COM CYU 12

System Analysis:

We have an infinite array of blocks. Let the mass of the first (heaviest) block be $m_1 = m$. The mass of the second block is $m_2 = \eta m$, the third is $m_3 = \eta^2 m$, and so on, where $\eta = 0.9$. The distance between adjacent blocks is $l$.

Step 1: Velocity after collision

Consider the elastic collision between the $n$-th block (mass $m_n$) moving with velocity $v_n$ and the stationary $(n+1)$-th block (mass $m_{n+1} = \eta m_n$).

Using the formula for velocity of the second body after an elastic collision:

$$ v_{n+1} = \frac{2m_n}{m_n + m_{n+1}} v_n $$

Substituting $m_{n+1} = \eta m_n$:

$$ v_{n+1} = \frac{2m_n}{m_n + \eta m_n} v_n = \left( \frac{2}{1+\eta} \right) v_n $$

This shows the velocities form a Geometric Progression (GP) with common ratio $r = \frac{2}{1+\eta}$.
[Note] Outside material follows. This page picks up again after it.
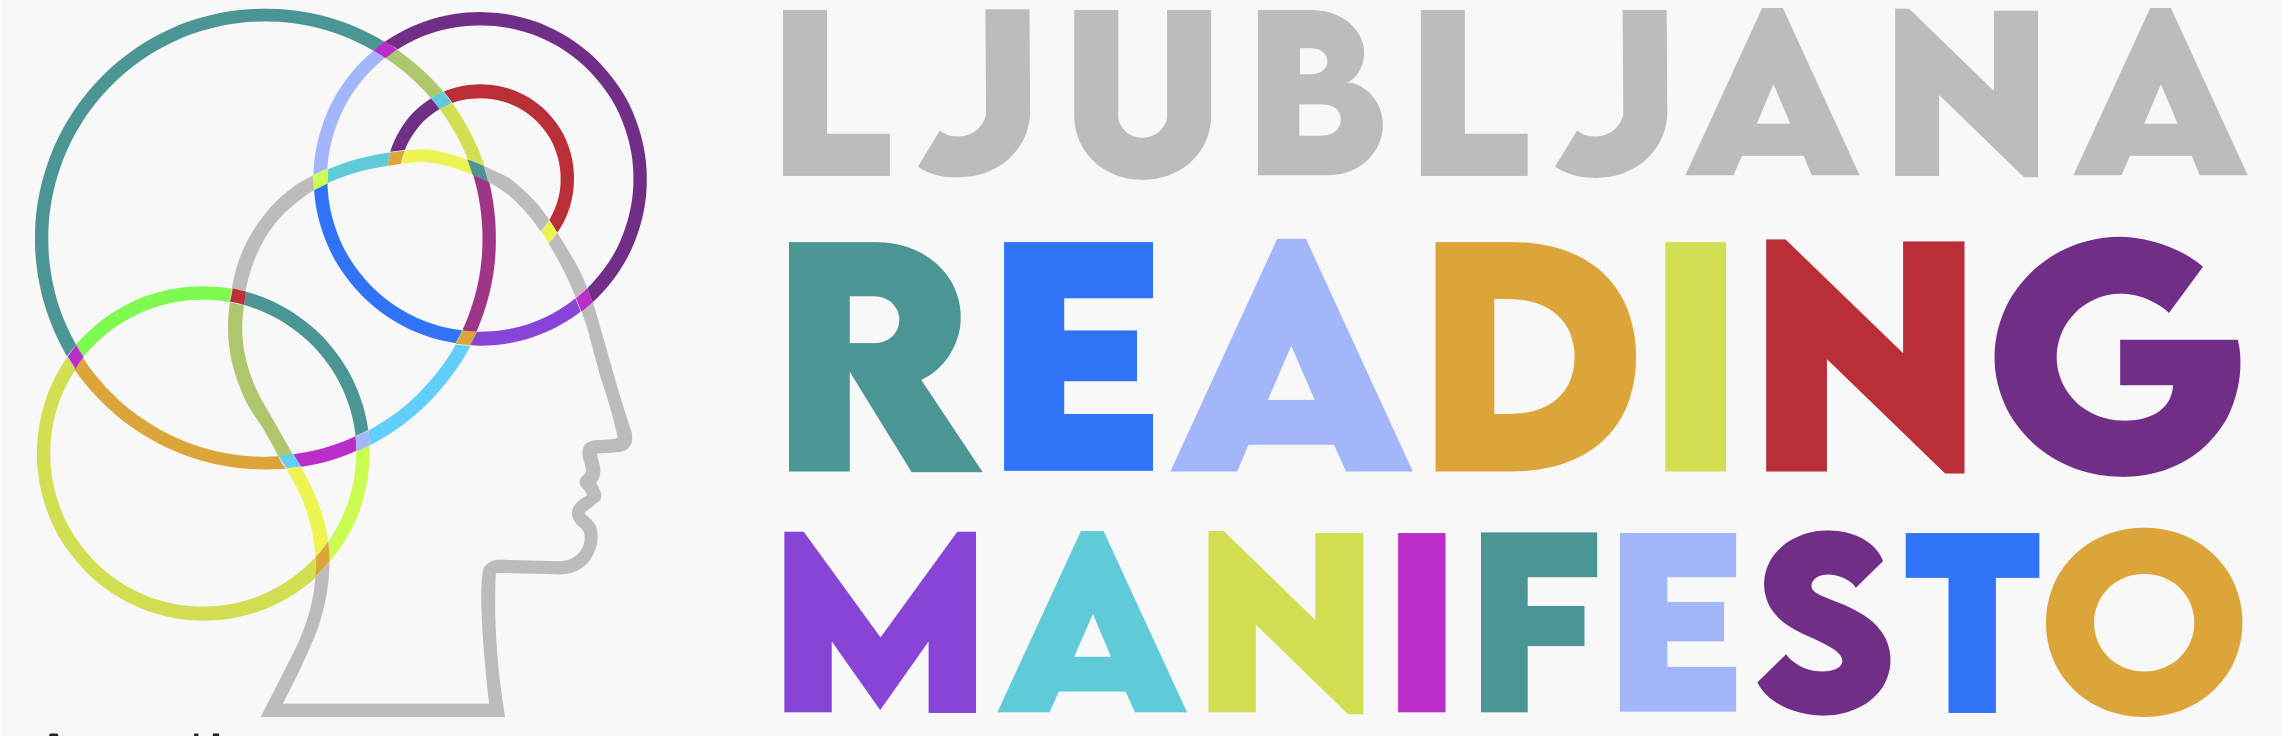 Ljubljana-Manifest: Bücherlesen als wichtige Kulturtechnik erhalten

The velocity of the $n$-th block is: $v_n = u \cdot r^{n-1}$.

Step 2: Time Calculation

The time taken for the $n$-th block to travel the distance $l$ to hit the $(n+1)$-th block is:

$$ t_n = \frac{l}{v_n} = \frac{l}{u \cdot r^{n-1}} = \frac{l}{u} \left( \frac{1}{r} \right)^{n-1} $$

The term $\frac{1}{r} = \frac{1+\eta}{2}$. Since $\eta = 0.9$, $\frac{1+\eta}{2} = \frac{1.9}{2} = 0.95$, which is less than 1. Thus, the series converges.

Step 3: Total Time Summation

The total time $T$ is the sum of time intervals for all collisions:

$$ T = \sum_{n=1}^{\infty} t_n = \frac{l}{u} \sum_{n=1}^{\infty} \left( \frac{1+\eta}{2} \right)^{n-1} $$

This is an infinite geometric series with first term $a = \frac{l}{u}$ and common ratio $R = \frac{1+\eta}{2}$.

$$ T = \frac{a}{1 – R} = \frac{l/u}{1 – \frac{1+\eta}{2}} $$ $$ T = \frac{l/u}{\frac{2 – (1+\eta)}{2}} = \frac{2l}{u(1-\eta)} $$